Il tema del medico inviante, comune per entrambi, mi ha permesso di riconoscere immediatamente il potere che l’inviante stesso ha nel definire il contesto del lavoro. Ho sentito l’importanza di tenere presente le premesse e la convinzione che attraverso di lui sono arrivate al primo momento del colloquio nelle parole di Claudio e Remo. Nell’esasperazione di una ricerca impossibile di soluzioni alle esigenze di entrambi nel vedere interrompersi la sintomatologia fisica, il medico trova una soluzione nello “spedire” la persona in terapia (Selvini Palazzoli et al, 1988).
Aderire all’indicazione del medico, per i pazienti, è riconoscere che egli sia in grado e sia competente a individuare la soluzione adeguata, ma immediatamente correndo il rischio di associarsi al modello lineare causale che il pensiero bio-medico ha in sé, anche in una successione di deleghe tra professionisti sanitari.
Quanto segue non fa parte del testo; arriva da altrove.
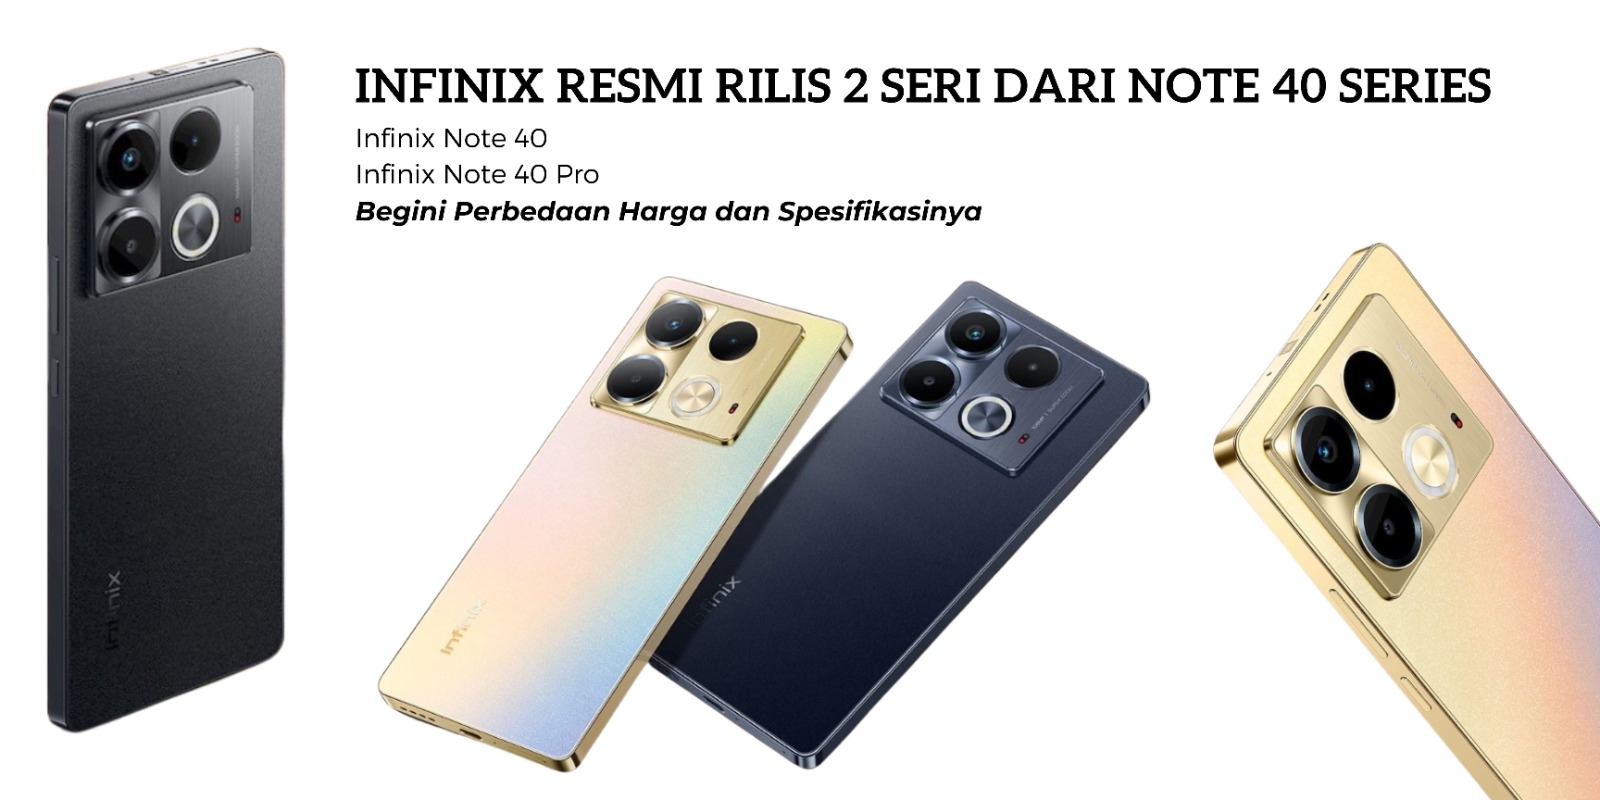 Infinix Resmi Rilis 2 Seri Note 40 di Indonesia!  Apa Bedanya dan Silakan Cek Harganya

Nella stanza, oltre alle mie premesse e a quelle della persona seduta davanti a me, erano ben presenti anche le premesse di cos’è salute e malattia, cos’è cura, cos’è terapia del medico inviante per un paziente come Claudio con una malattia cronica, quindi inguaribile e per Remo, dato il sospetto che sia una sintomatologia fondamentalmente inventata, dunque inesistente, e necessariamente un problema di ordine di salute mentale.
Sulle saluti e sulle malattie
Il termine salute viene unicamente usato nella sua forma singolare, non rientra nel nostro linguaggio la possibilità di raccontare, discorrere e riflettere sulle saluti, il che sembra essere una conferma, inoltre, che l’uso del linguaggio rispecchia ed è determinato dal pensiero e le premesse a cui è legato. La salute è definita dall’Organizzazione Mondiale della Sanità “come stato completo di benessere fisico, mentale e sociale”. Se da un lato viene superata la concezione di salute come assenza di malattia, contemporaneamente questa definizione esprime un’idea statica di salute come condizione da raggiungere e/o, utopisticamente, mantenere. La salute rischia di diventare assenza di segni e sintomi, assenza di malattia, riduzione dei sintomi positivi, riduzione di turgore e calore o, nella migliore delle ipotesi, con una buona riabilitazione o l’utilizzo di una buona protesi, il recupero delle funzioni perdute.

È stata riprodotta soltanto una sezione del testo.